A1. Patients with skeletal III relationships show prominent mandibular prognathism and it may be accompanied by facial asymmetry, especially if one side shows condylar hyperplasia. In this study, mandibular symmetry plane inclination and maxillary canting showed the similar tendency due to compensatory maxillary growth according to mandibular growth. Our research showed that mandibular symmetry plane is more strongly correlated with the lip canting and skeletal III relationship may affect the conclusion.

A2. We appreciate your insightful feedback. We are planning further research about the relationship between lip canting and mandibular shape including yaw-, roll-, and translation-dominance. We expect these factors also affect lip canting in patients with similar amount of menton deviation. Further research will be followed.
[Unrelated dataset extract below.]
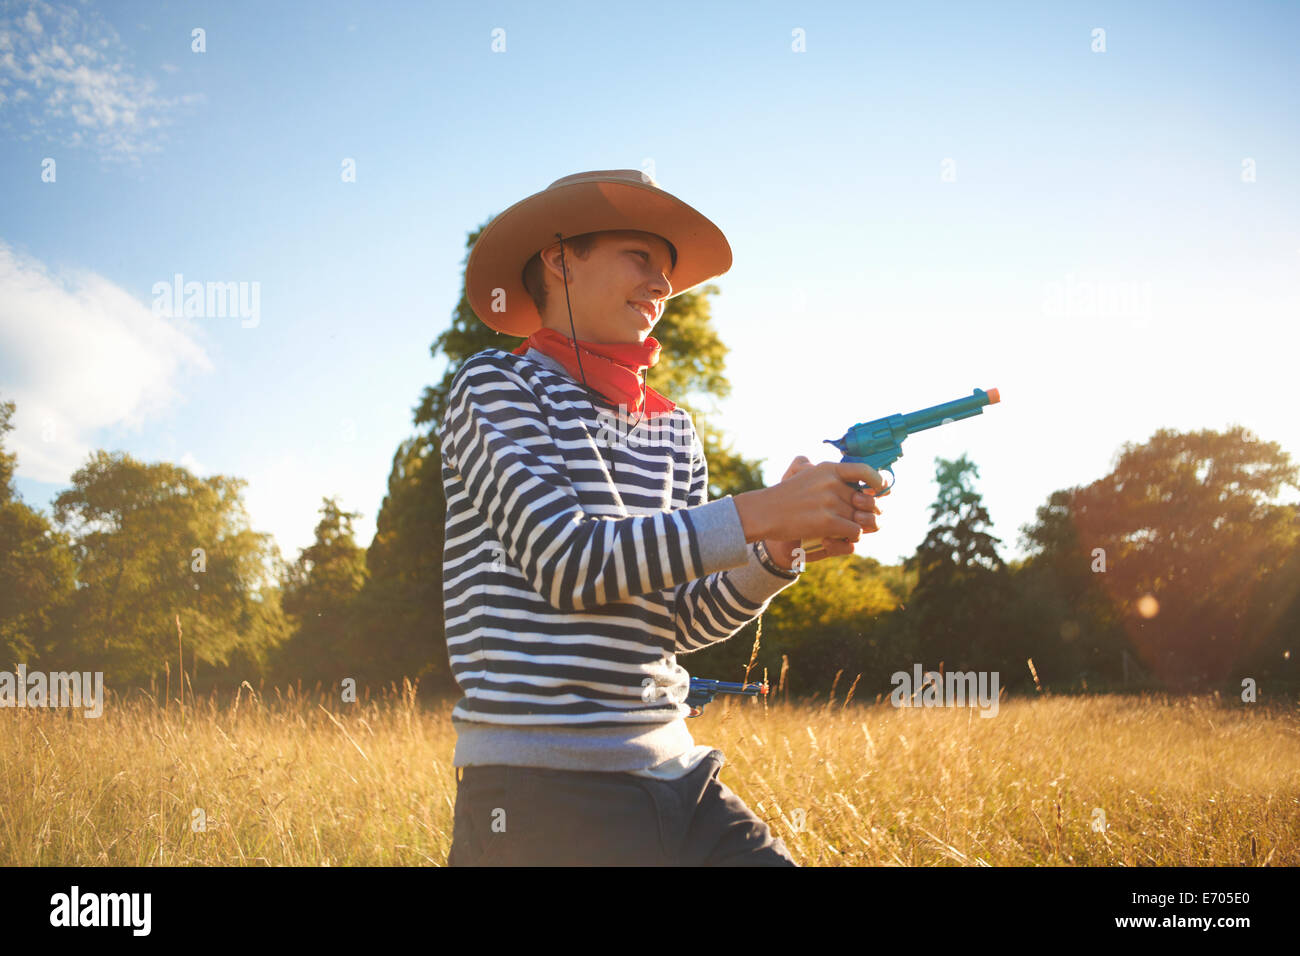 Jeune garçon habillé en cow-boy, holding toy gun Banque D'Images

A3. As mentioned, lip canting is affected by a number of factors, including the nature of soft tissue and muscle activity, especially when smiling. It is known that activation of the zygomaticus major muscle has a major effect on lip tilting and asymmetry when making a smile.1 Furthermore, Cho et al.2 reported that muscle activity may be affected by psychological factors when laughing. Therefore, in order to evaluate the effect of the lip canting during a smile, electromyography as well as evaluation of the size and position of the facial muscles may be necessary.1

Considering your question, we believe that the maxillary canting may have more effect on the lip canting while smiling, especially due to the attachment of the zygomaticus major muscle, but further research will be needed on this.

Replied by

Jun-Young Kim and Young-Soo Jung

Department of Oral and Maxillofacial Surgery, Yonsei University College of Dentistry, Seoul, Korea

References

  1. Epstein LH. Perception of activity in the Zygomaticus major and Corrugator supercilii muscle regions. Psychophysiology 1990;27:68-72.
    Pubmed CrossRef
  2. Cho JH, Kim EJ, Kim BC, Cho KH, Lee KH, Hwang HS. Correlations of frontal lip-line canting with craniofacial morphology and muscular activity. Am J Orthod Dentofacial Orthop 2007;132:278.e7-14.